If the lab was deployed with Terraform:
cd infra
terraform destroy -var-file="dev.tfvars"Before destroying, confirm that the resource group contains only lab resources.
If artifacts were created outside Terraform, remove them manually from:
inventory
reports
remediation
agent-responses
rules
snapshots
verification
Potential improvements:
- replace keyword retrieval with Azure AI Search hybrid/vector retrieval
- add GitHub Actions validation for Terraform and Python
- add sample screenshots and saved review artifacts
- add a local mock mode for users without Azure OpenAI quota
- add reusable analyzer plugins
- add richer cost optimization checks
- add optional dashboard for review history
- add end-to-end demo video or GIF
- add Azure Policy integration
- add stricter RBAC examples
This project intentionally does not include:
- automatic remediation execution
- production-grade approval workflow
- production network isolation design
- enterprise identity lifecycle management
- multi-tenant SaaS controls
- full SIEM/SOAR integration
- guaranteed cost savings
- support for every Azure resource type
Those areas are possible future extensions, but they are intentionally outside the current lab scope.

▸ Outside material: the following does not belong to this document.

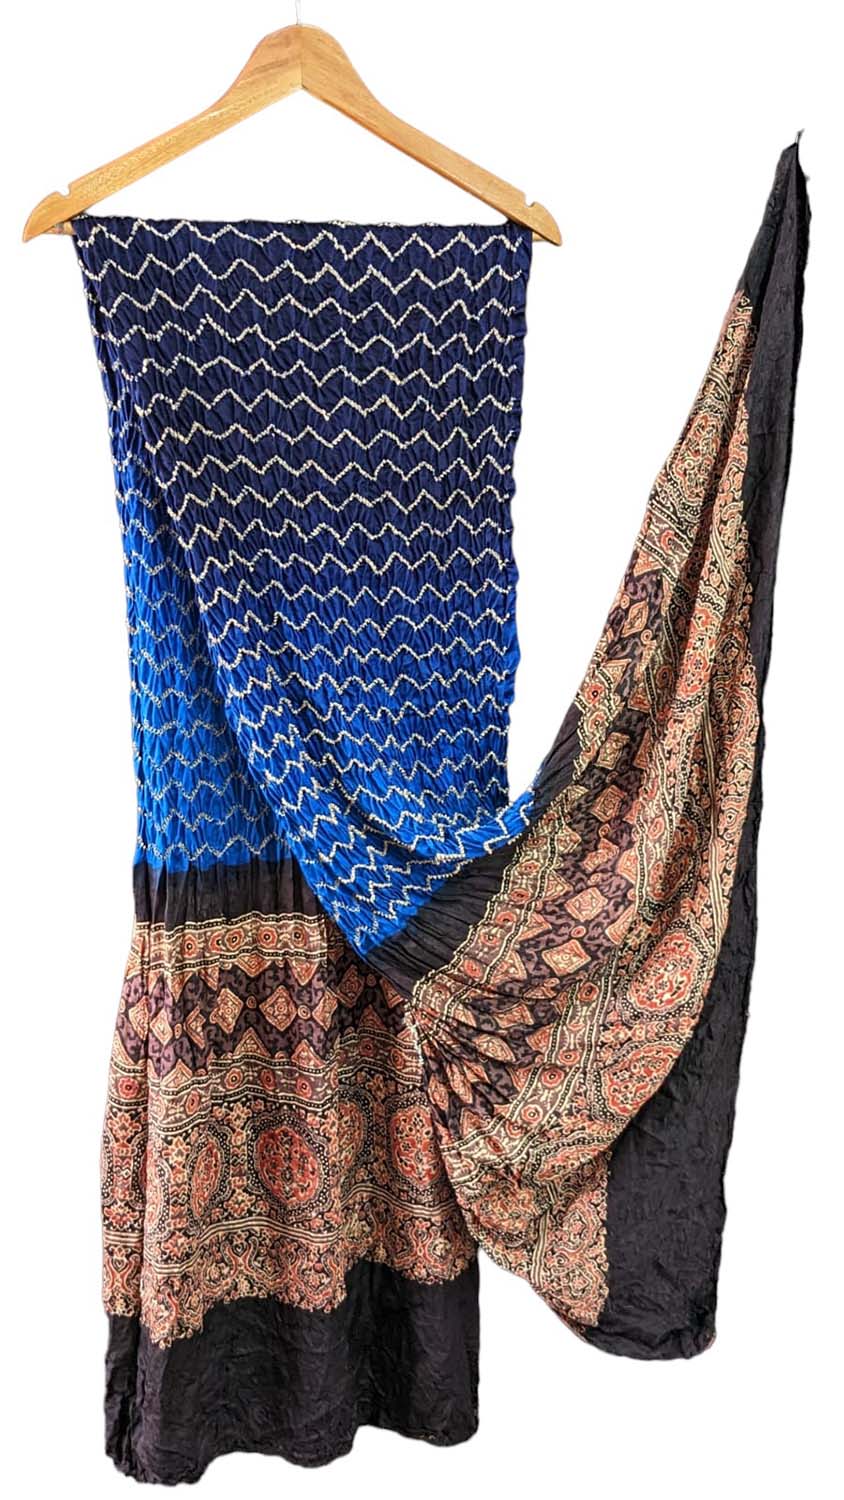 Shop Now for Blue Ajrakh Bandhani Gajji Silk Dupatta - Ethnic Fashion Accessory - Luxurion World

Recommended repository description:
Azure-hosted Agentic CloudOps lab using Foundry Agent, Azure Functions, deterministic analyzers, Azure OpenAI, and safe remediation drafts.
Recommended topics:
azure
cloudops
azure-functions
azure-openai
microsoft-foundry
agentic-ai
devops
terraform
finops
governance
sre
llmops
Add or update a LICENSE file before treating this as a reusable public open-source project.
MIT is usually a practical default for this type of lab, but choose the license that fits your intent.